→ Instructions for the task
Return the data word for word. Pictures are to be omitted.

→ Data below

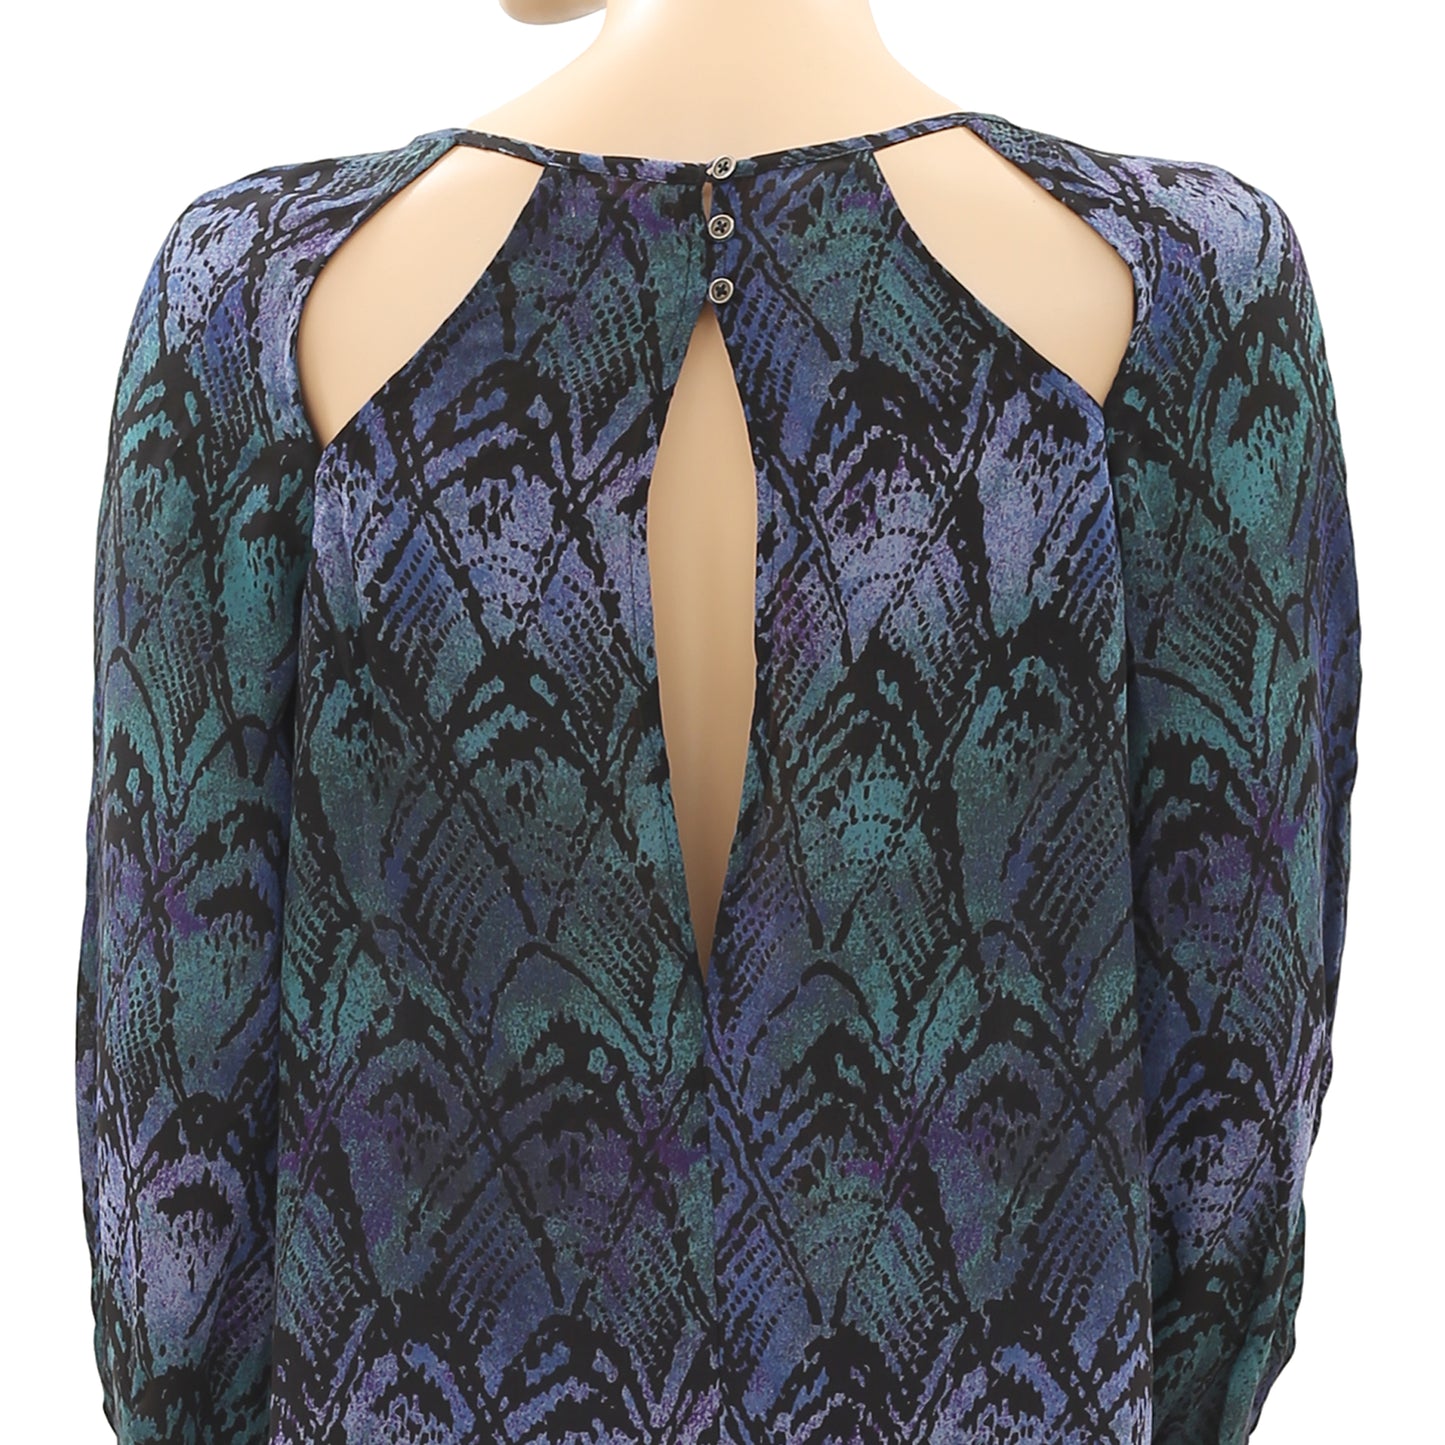 Ecote Urban Outfitters Printed Spliced Blouse Top
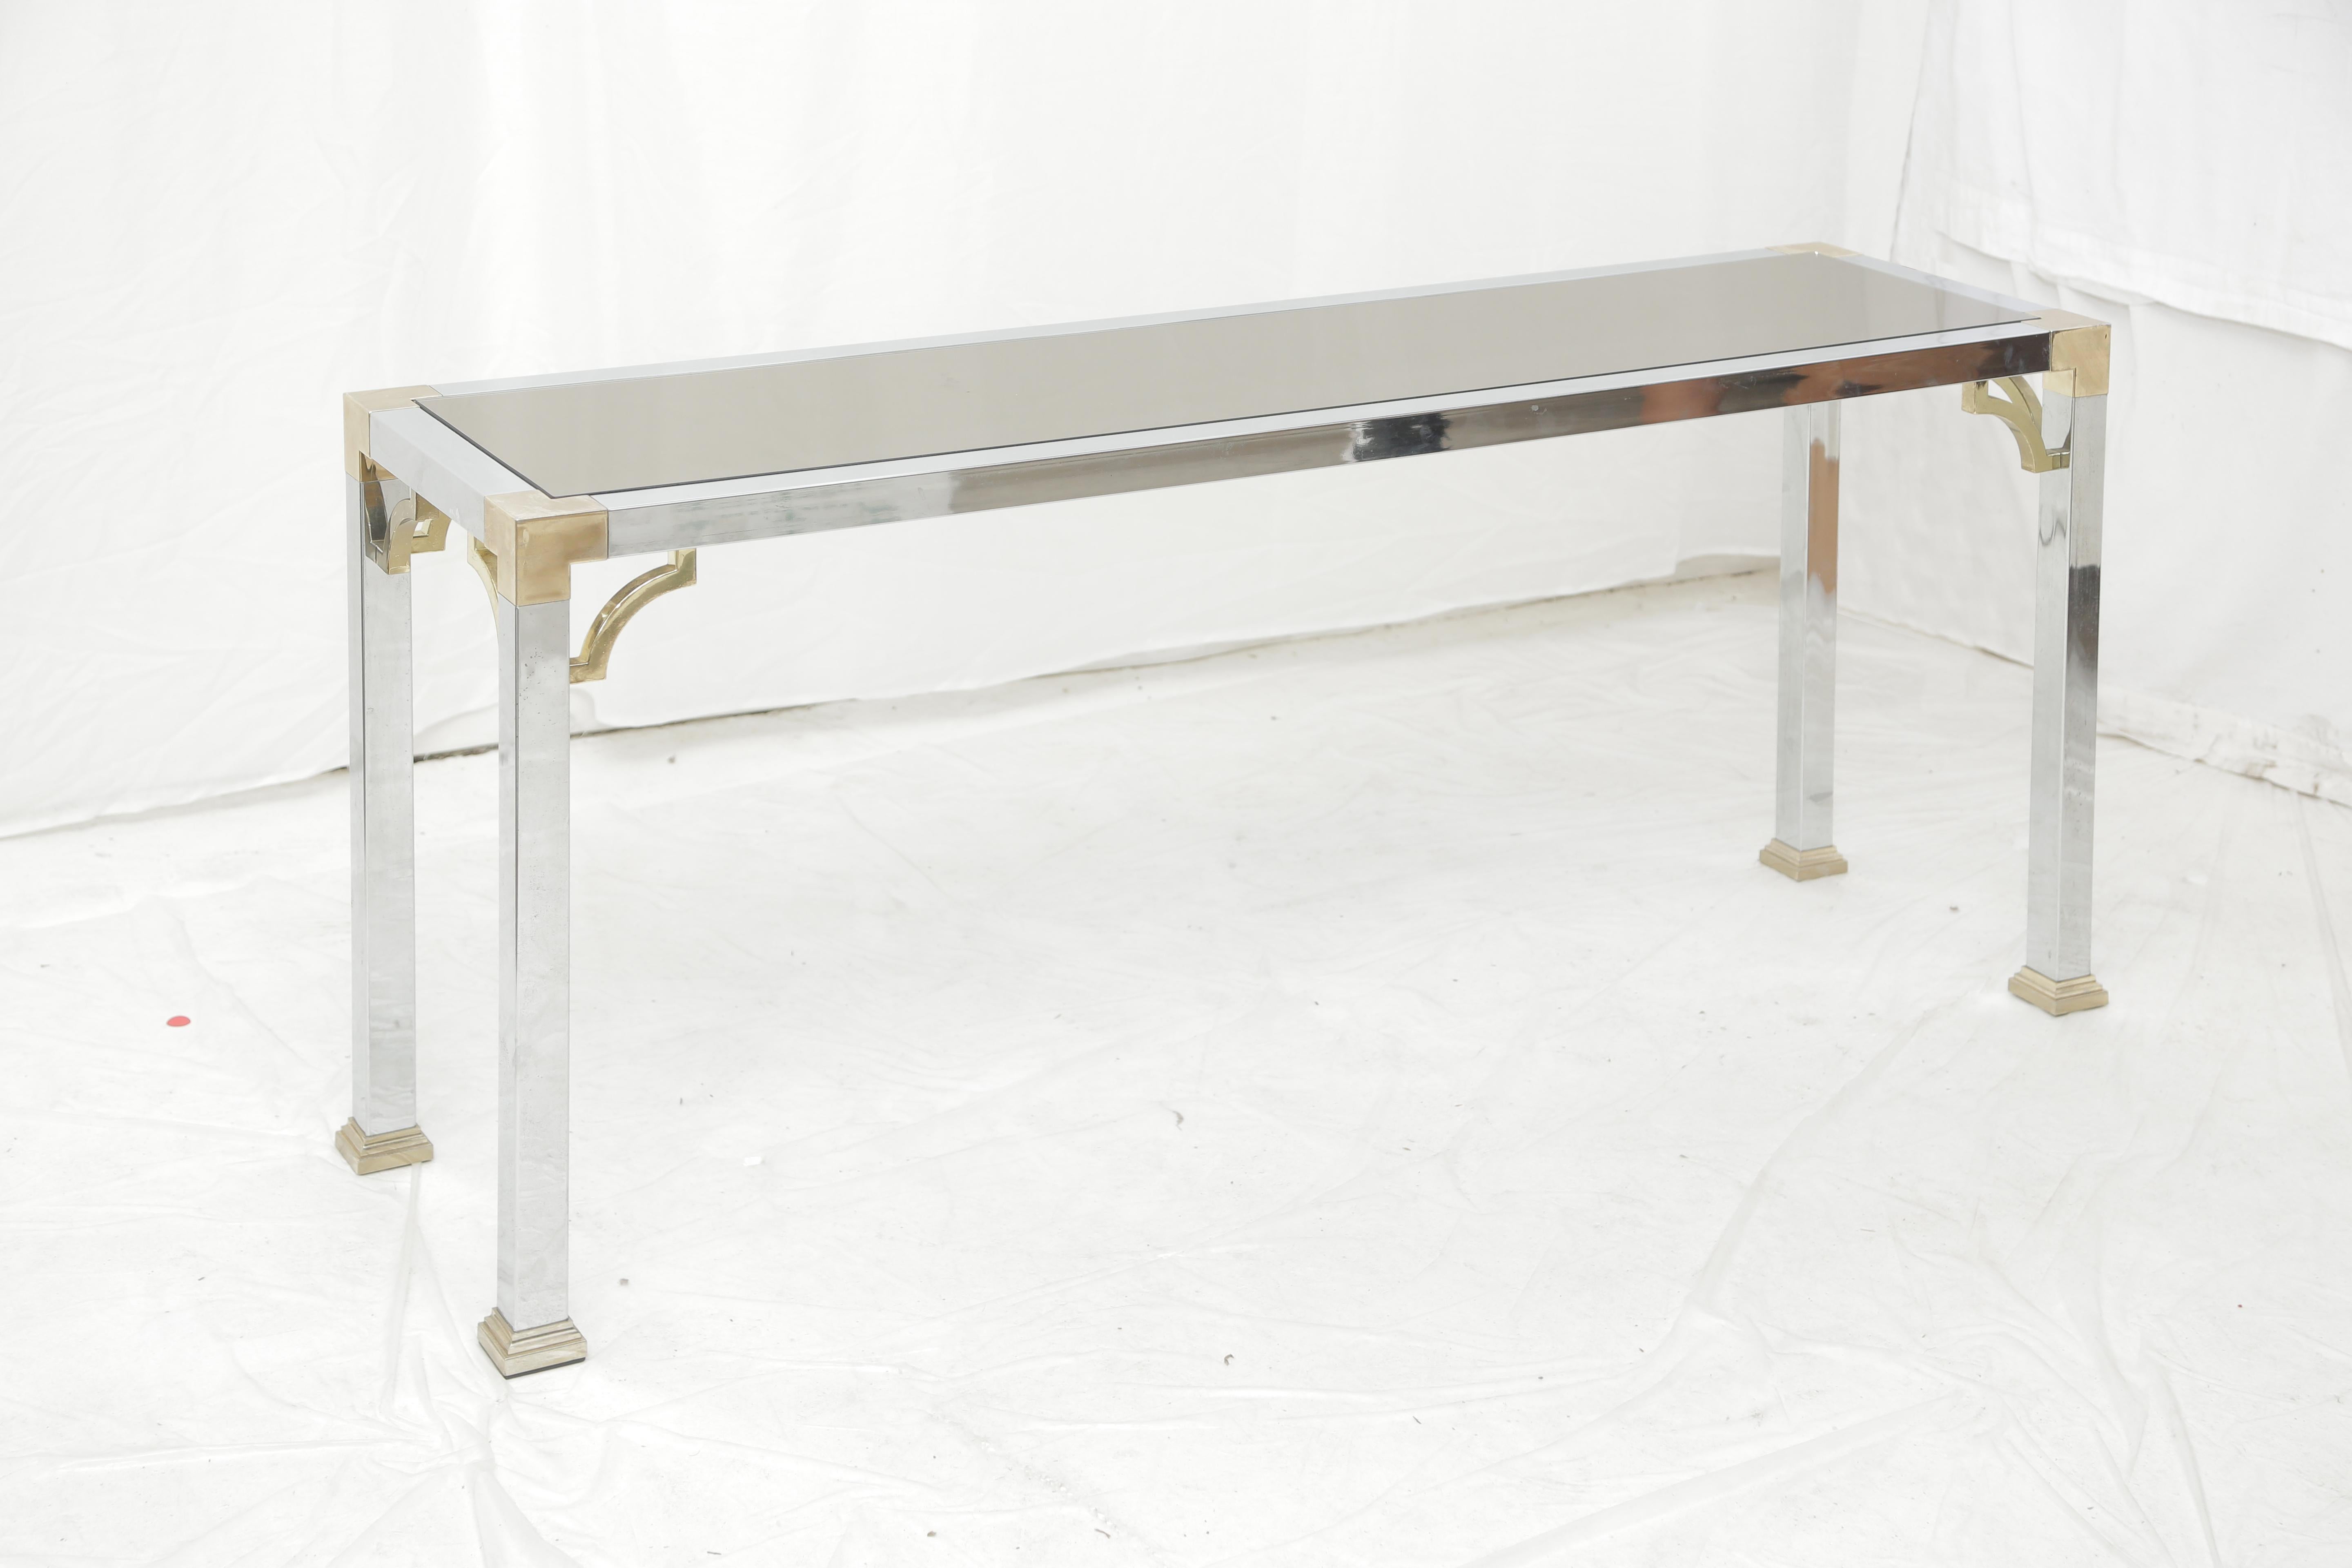 Pair of Mid-Century Modern brass and chrome console tables with a dark mirror top.
This pair of console tables will fit elegantly in an entrance or a corridor in any interior.

→ Solution to this task
 Ecote Urban Outfitters Printed Spliced Blouse Top
 Pair of Mid-Century Modern brass and chrome console tables with a dark mirror top.
This pair of console tables will fit elegantly in an entrance or a corridor in any interior.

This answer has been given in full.